This limitation stems from the inherent narrow focus of single-level approaches, which primarily analyze node-to-node relationships without considering hierarchical or multi-level graph features. Substructures, such as motifs or communities, represent mesoscopic patterns that capture intermediate relationships between local nodes and the global structure. Neglecting these patterns may lead to incomplete or misleading similarity scores.

Incorporating these hierarchical representations into graph similarity learning frameworks could enhance their ability to accurately capture and compare graphs across diverse domains. Effectively addressing these challenges remains a critical area for further research.

This paper introduces GSLM, a graph similarity learning model based on learnable augmentation and multi-level contrastive learning, to address the abovementioned issues. Augmented views are generated for each graph by modifying attributes and structure, with subgraphs enhancing the contrastive hierarchy. Node-level and subgraph-level representations are learned for each view, followed by joint contrastive training. Graph similarity scores are computed for downstream tasks. Evaluations on eight datasets show that GSLM outperforms baseline methods in both graph classification and regression tasks. The main contributions include:

(1) A novel unsupervised graph similarity learning model is proposed, effectively calculating the similarity between graph pairs through learnable augmentation and multi-level contrastive learning.

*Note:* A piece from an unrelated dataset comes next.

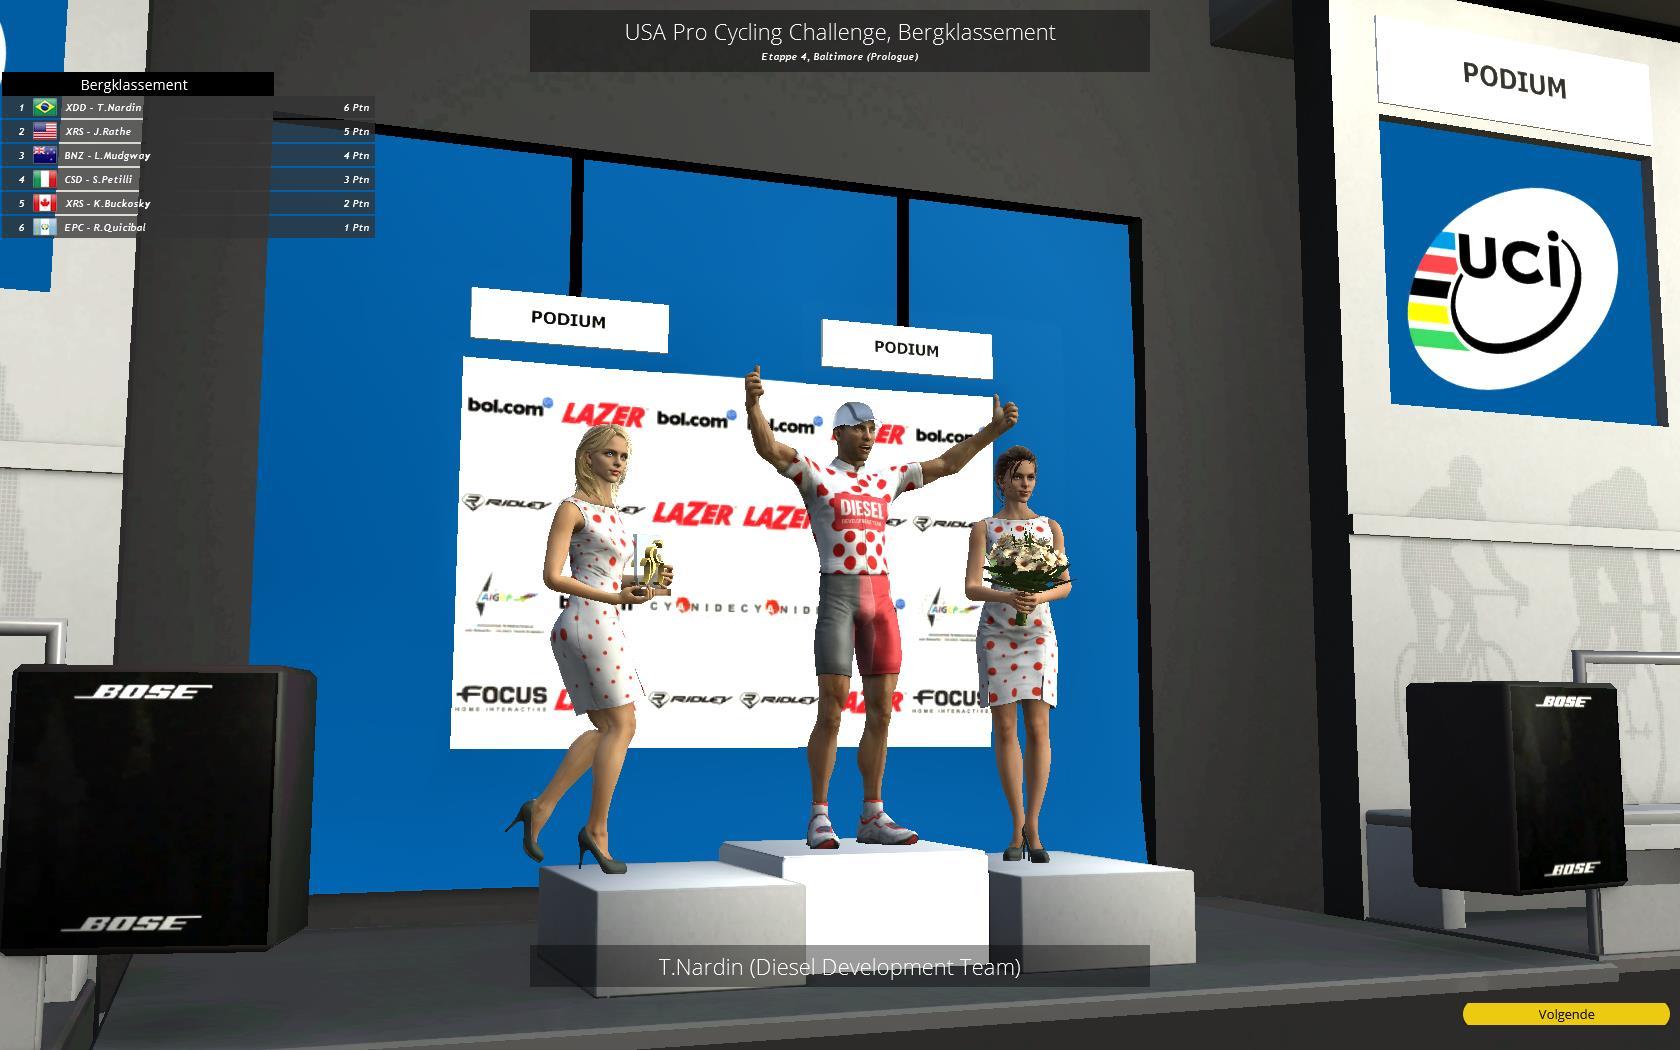 pcmdaily.com/images/mg/2018/Races/C2/USAPCC/4/PCM0044.jpg

(2) Learnable augmentation methods and multi-level contrastive strategies are proposed for attributes and structure. The augmentation method generates augmented views of the original graph while preserving critical information. The multi-level contrastive strategy complements node-level contrast with subgraph-level contrast, enriching the model’s contrastive levels. Learnability refers to the model’s ability to select relevant attributes and structures for augmented views based on their importance.

(3) Comprehensive experiments were conducted on two regression and six classification datasets, demonstrating the effectiveness of the proposed model.

The remainder of this paper is organized as follows: Section 2 introduces related work; Section 3 presents the problem definition; Section 4 presents the proposed unsupervised graph similarity learning method, GSLM; Section 5 presents the experimental results and comparisons with baseline methods, validating the effectiveness of the proposed method; Section 6 concludes the paper and discusses future work.

2 Related Work

Research methods for graph similarity learning can be divided into traditional and GNN-based methods.

2.1 Traditional Methods

Among various definitions of graph similarity, Graph Edit Distance (GED) and Maximum Common Subgraph (MCS) [8] are two domain-agnostic graph similarity measures. Traditional graph similarity learning methods generally rely on GED or MCS as the similarity measure. However, calculating GED or MCS is an NP (non-deterministic polynomial)-hard problem [8].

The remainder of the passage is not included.